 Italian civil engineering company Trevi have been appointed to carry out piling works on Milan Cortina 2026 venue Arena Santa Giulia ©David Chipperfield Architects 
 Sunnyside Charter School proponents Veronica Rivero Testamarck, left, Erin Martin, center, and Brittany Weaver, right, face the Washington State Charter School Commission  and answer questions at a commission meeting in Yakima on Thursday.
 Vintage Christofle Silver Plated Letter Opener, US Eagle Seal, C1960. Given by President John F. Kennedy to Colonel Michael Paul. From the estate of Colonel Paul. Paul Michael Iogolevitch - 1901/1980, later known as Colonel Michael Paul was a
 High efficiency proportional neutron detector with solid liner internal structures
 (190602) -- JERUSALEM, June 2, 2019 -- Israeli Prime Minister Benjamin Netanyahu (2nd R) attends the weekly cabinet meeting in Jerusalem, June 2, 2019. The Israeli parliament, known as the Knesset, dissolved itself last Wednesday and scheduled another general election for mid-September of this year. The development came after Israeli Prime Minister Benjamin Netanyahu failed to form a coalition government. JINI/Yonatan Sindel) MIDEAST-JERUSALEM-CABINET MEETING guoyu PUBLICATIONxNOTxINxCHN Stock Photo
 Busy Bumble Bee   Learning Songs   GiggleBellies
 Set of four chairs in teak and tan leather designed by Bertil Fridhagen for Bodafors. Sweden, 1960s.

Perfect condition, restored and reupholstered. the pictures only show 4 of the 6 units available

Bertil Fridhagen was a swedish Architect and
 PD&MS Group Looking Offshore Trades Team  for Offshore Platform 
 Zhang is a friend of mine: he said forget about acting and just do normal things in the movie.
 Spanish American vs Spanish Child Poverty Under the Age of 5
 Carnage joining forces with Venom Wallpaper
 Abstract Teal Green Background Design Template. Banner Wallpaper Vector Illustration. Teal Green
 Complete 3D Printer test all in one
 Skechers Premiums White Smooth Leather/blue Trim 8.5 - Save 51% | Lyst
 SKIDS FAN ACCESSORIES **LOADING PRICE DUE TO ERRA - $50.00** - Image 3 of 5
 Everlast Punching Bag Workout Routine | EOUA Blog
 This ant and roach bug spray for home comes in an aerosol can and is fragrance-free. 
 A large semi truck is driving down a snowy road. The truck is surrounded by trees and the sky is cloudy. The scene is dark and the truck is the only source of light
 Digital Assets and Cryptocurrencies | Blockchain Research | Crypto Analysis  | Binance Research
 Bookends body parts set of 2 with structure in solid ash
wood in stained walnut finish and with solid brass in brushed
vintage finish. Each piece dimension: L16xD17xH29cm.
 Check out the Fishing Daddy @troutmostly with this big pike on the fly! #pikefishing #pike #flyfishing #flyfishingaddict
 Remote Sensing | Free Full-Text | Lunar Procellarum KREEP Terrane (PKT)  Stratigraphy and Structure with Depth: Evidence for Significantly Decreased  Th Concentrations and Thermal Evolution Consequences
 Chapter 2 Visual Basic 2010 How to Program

* ABOUT THIS TASK
Look above for the line containing "Check out the", then transcribe it and all lines after it through the last, exactly and with nothing else.

* ANSWER TO THIS EXERCISE
 Check out the Fishing Daddy @troutmostly with this big pike on the fly! #pikefishing #pike #flyfishing #flyfishingaddict
 Remote Sensing | Free Full-Text | Lunar Procellarum KREEP Terrane (PKT)  Stratigraphy and Structure with Depth: Evidence for Significantly Decreased  Th Concentrations and Thermal Evolution Consequences
 Chapter 2 Visual Basic 2010 How to Program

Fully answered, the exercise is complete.